*** Begin section ***

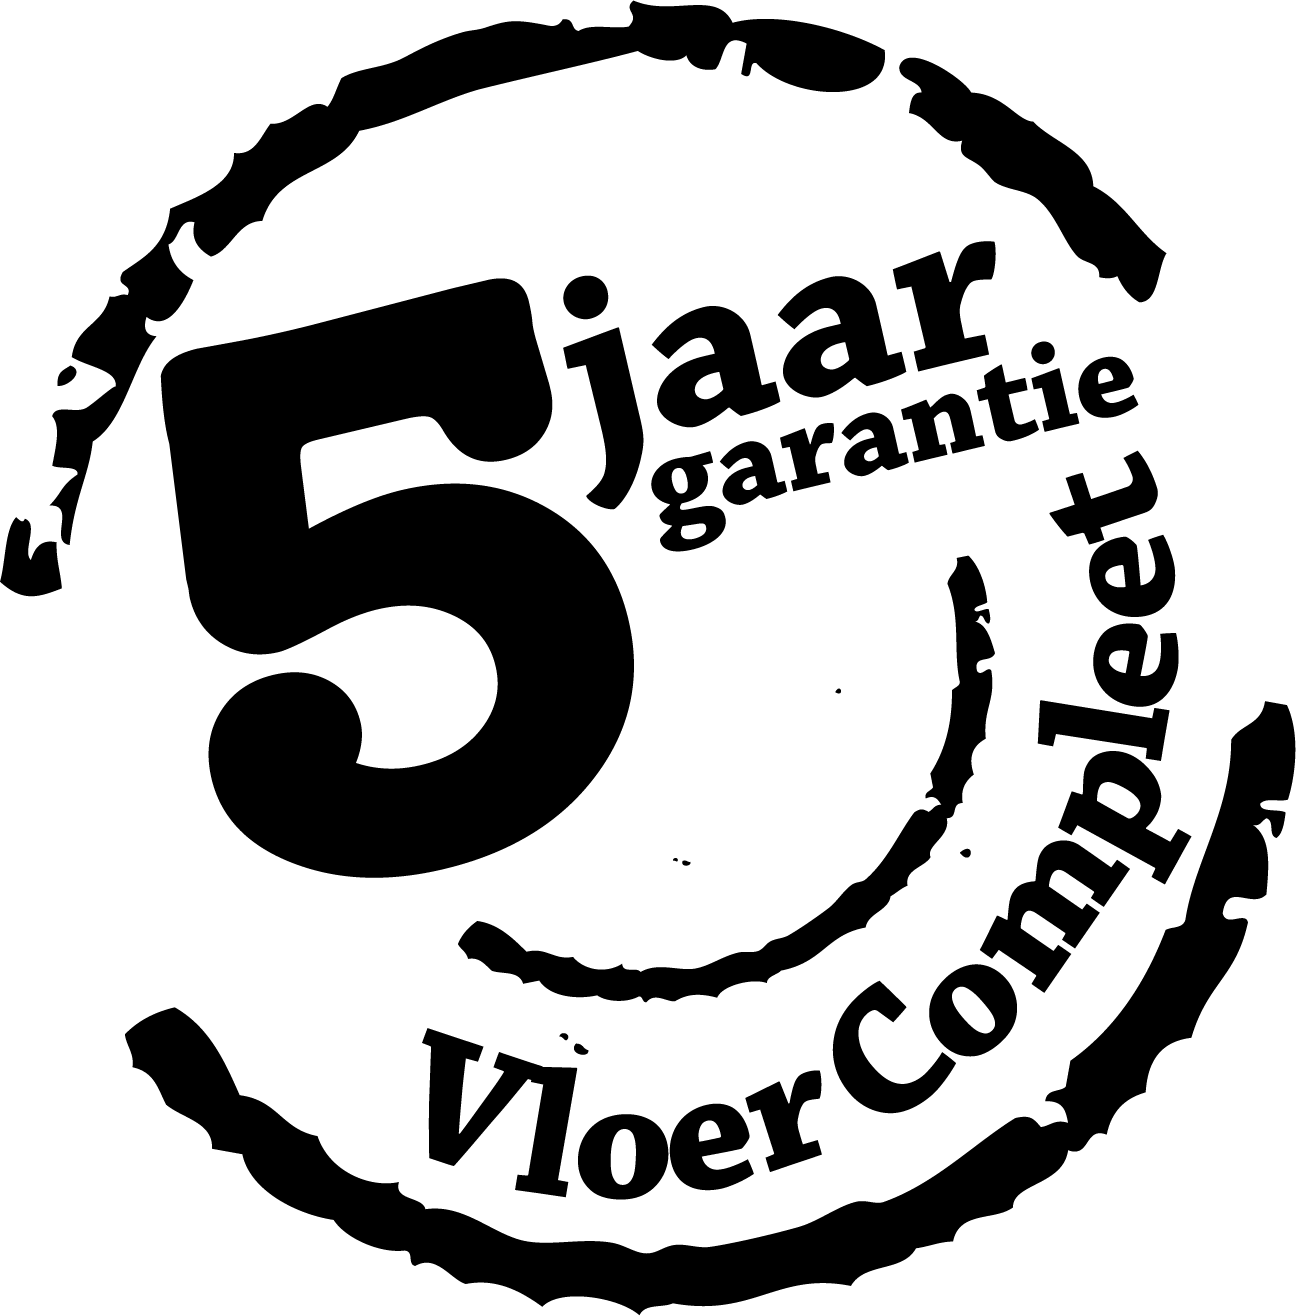 vloer compleet stempel logo (zwart wit).png
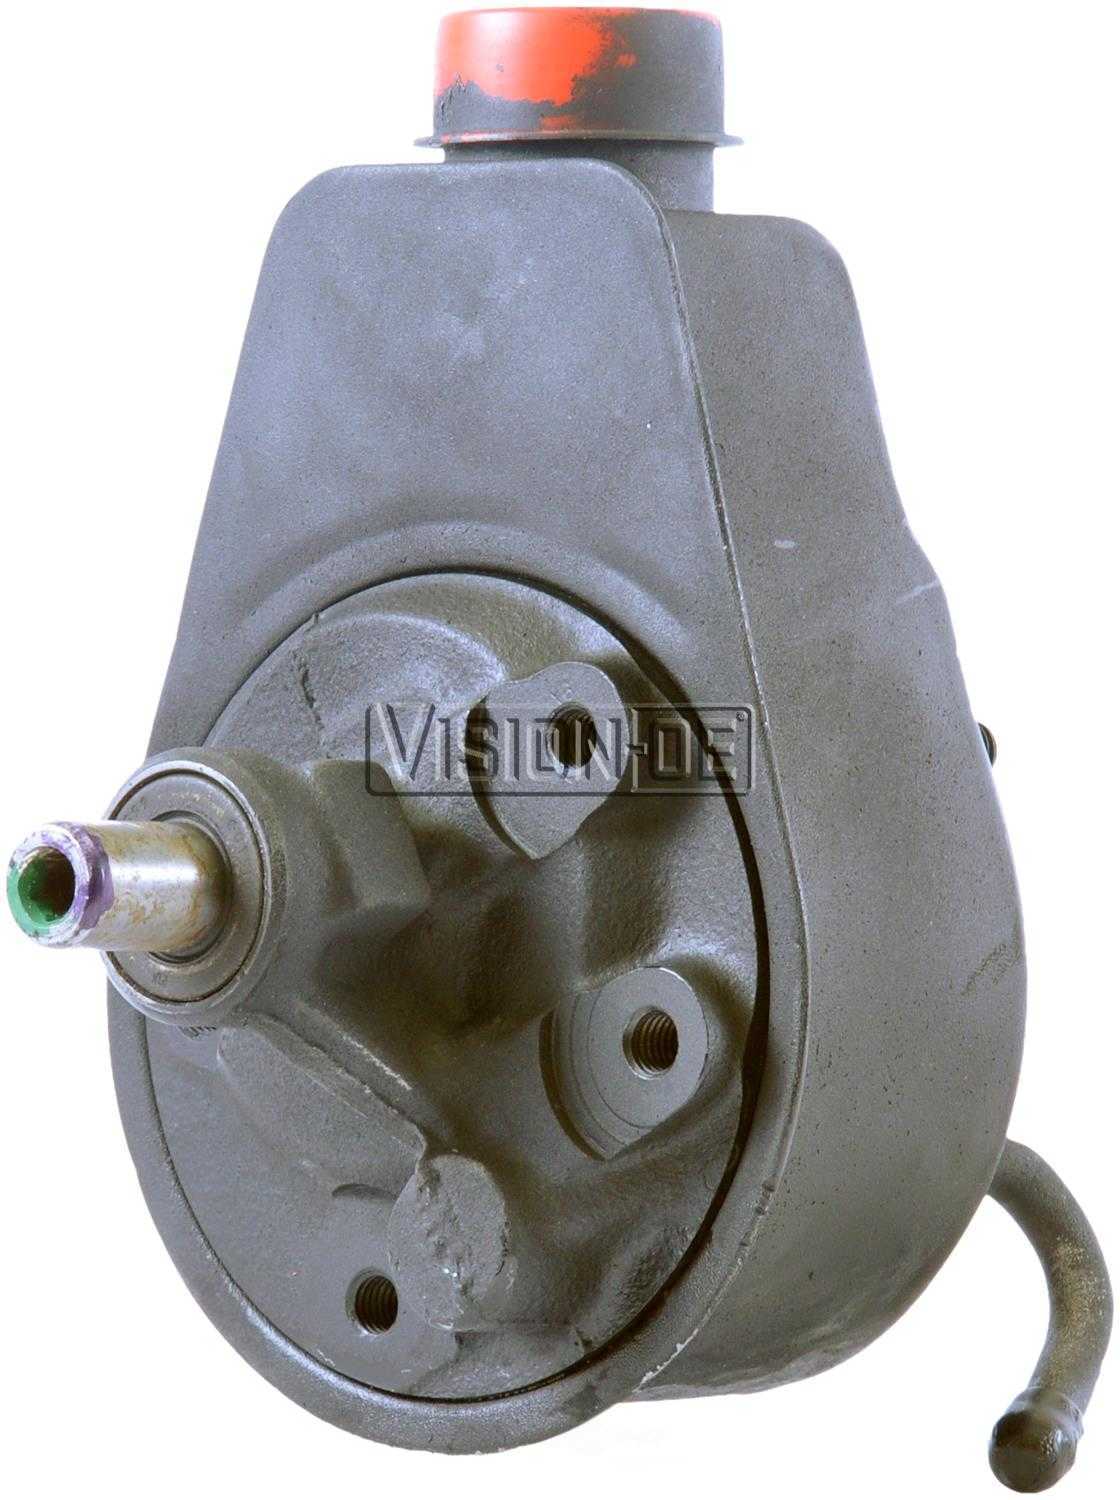 VISION-OE - Reman Power Steering Pump - VOE 731-2175
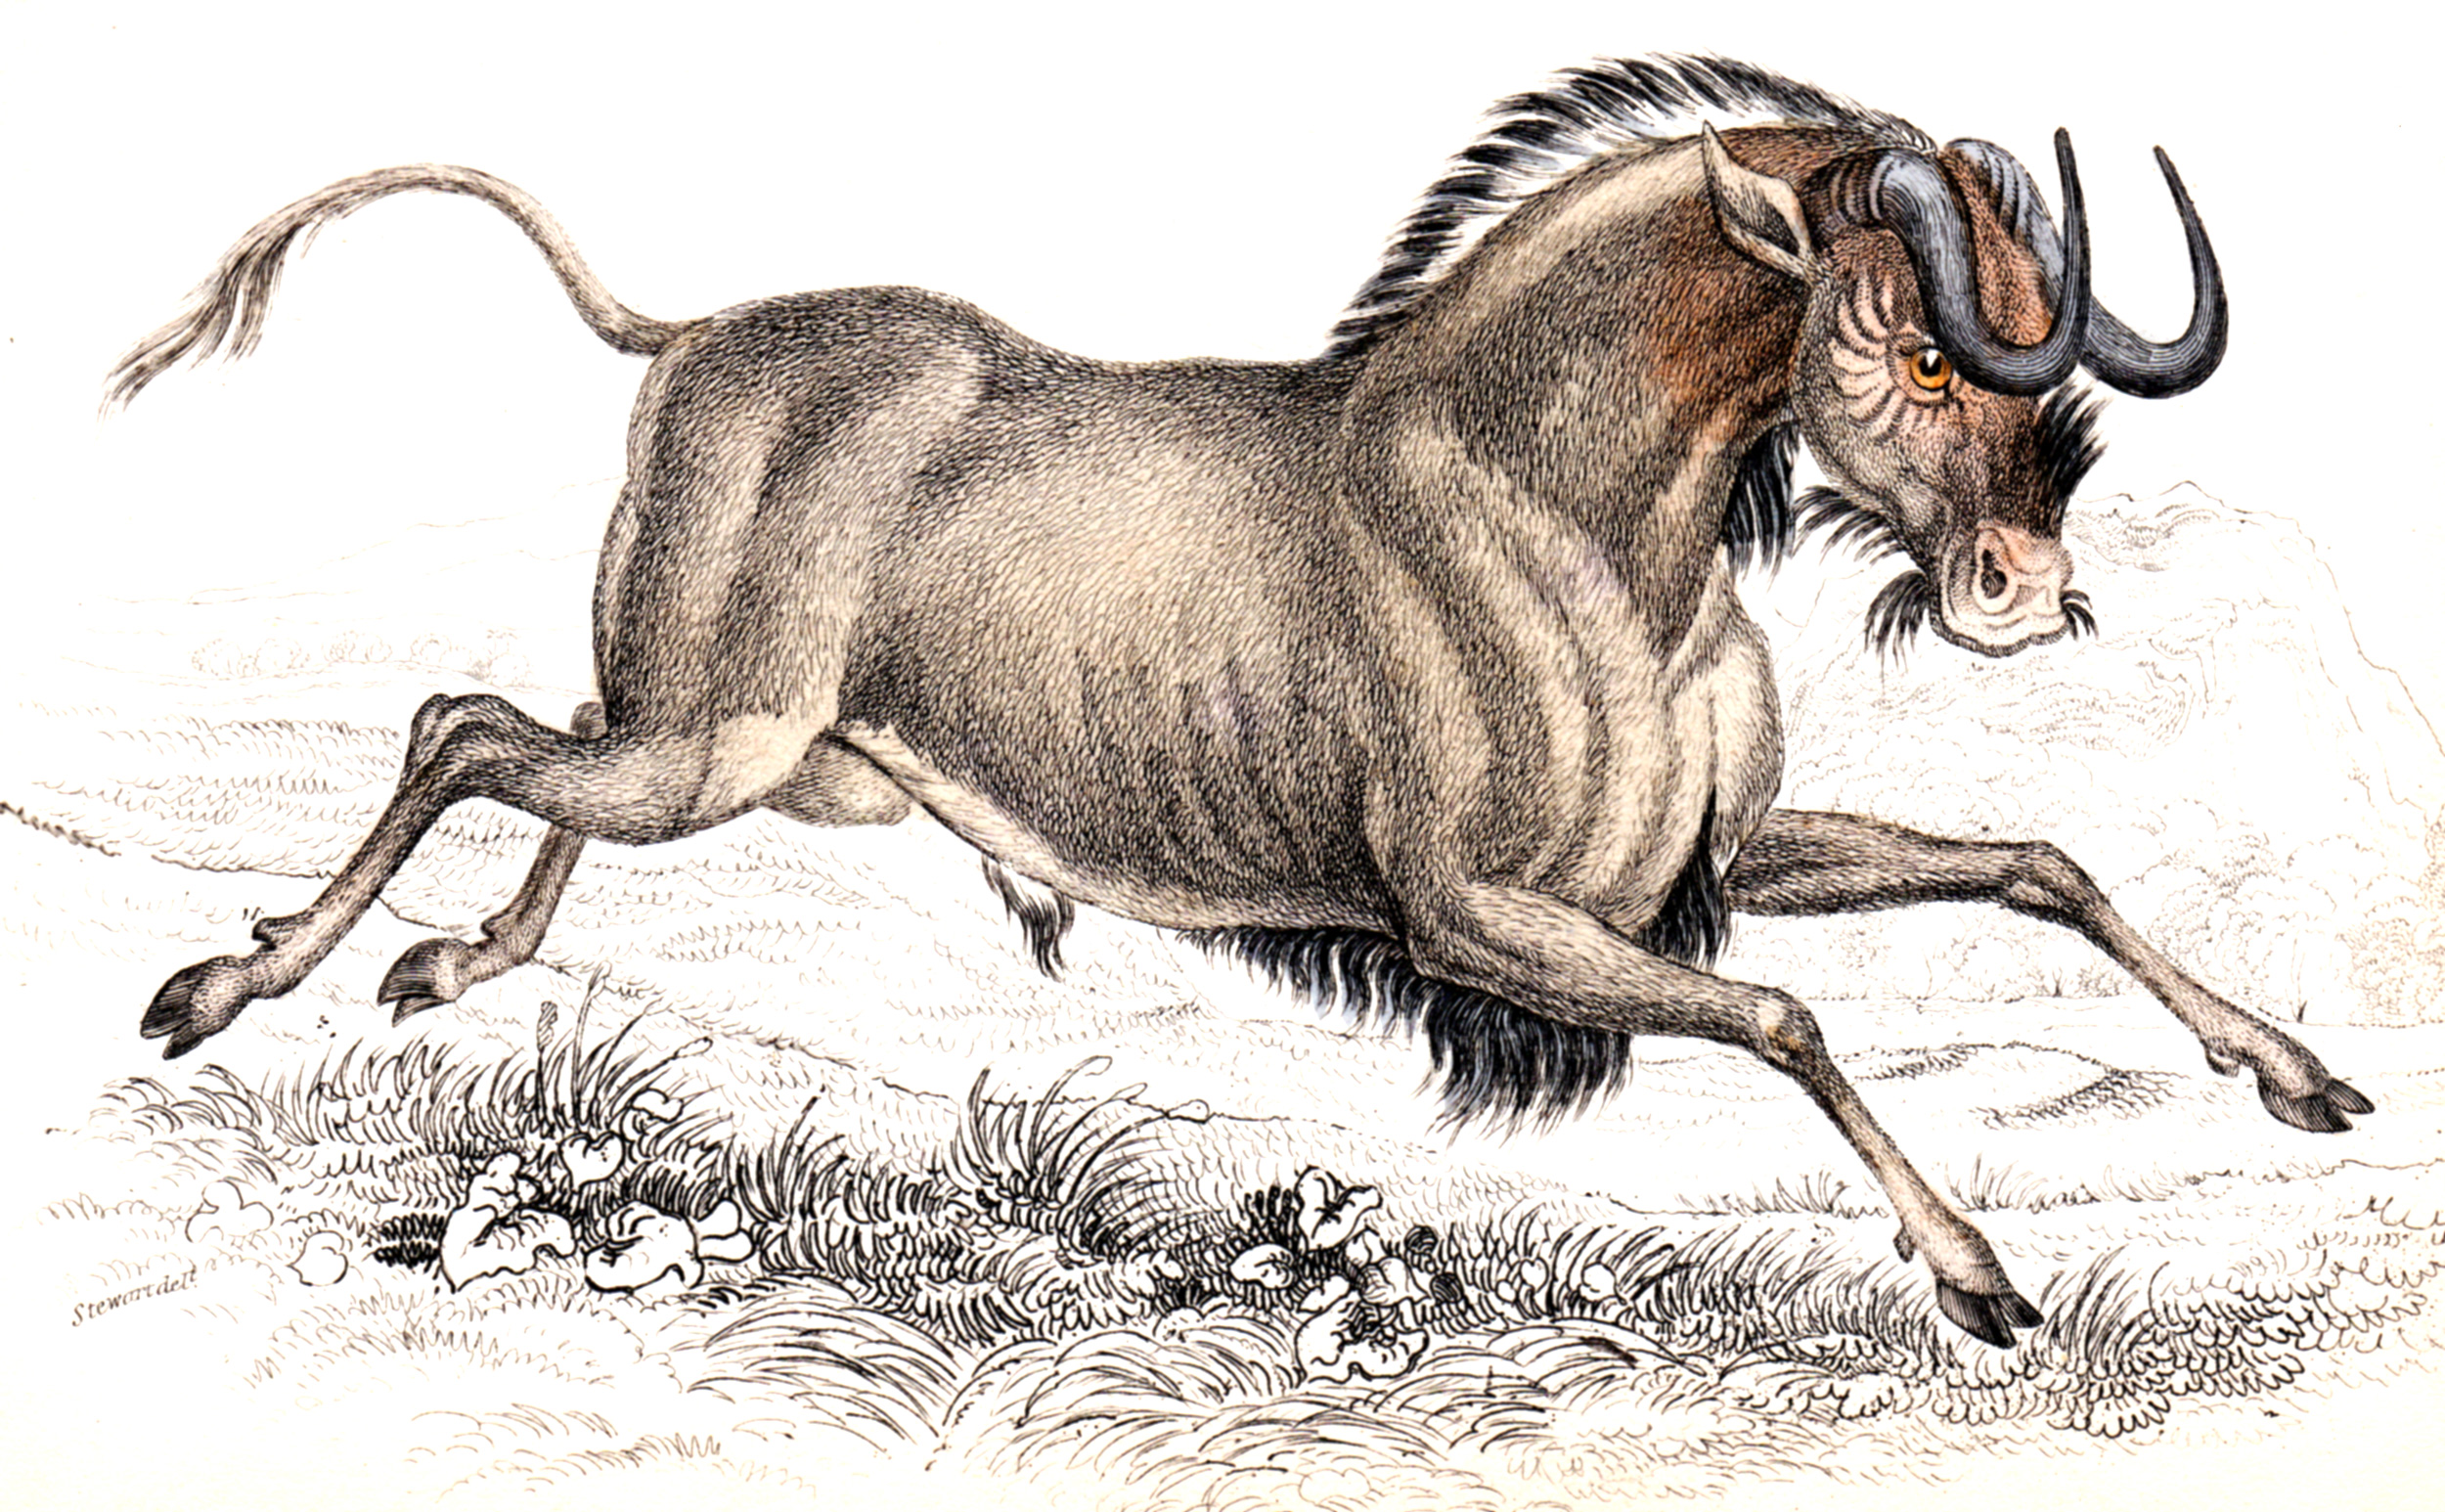 Jardine, Sir Wm / Lizars, Wm – Deer, Antelope, Bison, etc.

*** End section ***

- [EXERCISE PROMPT]:
Every line of the listing above is to be repeated exactly, with its pictures left out.

- [SOLVED PROBLEM]:
 vloer compleet stempel logo (zwart wit).png
 VISION-OE - Reman Power Steering Pump - VOE 731-2175
 Jardine, Sir Wm / Lizars, Wm – Deer, Antelope, Bison, etc.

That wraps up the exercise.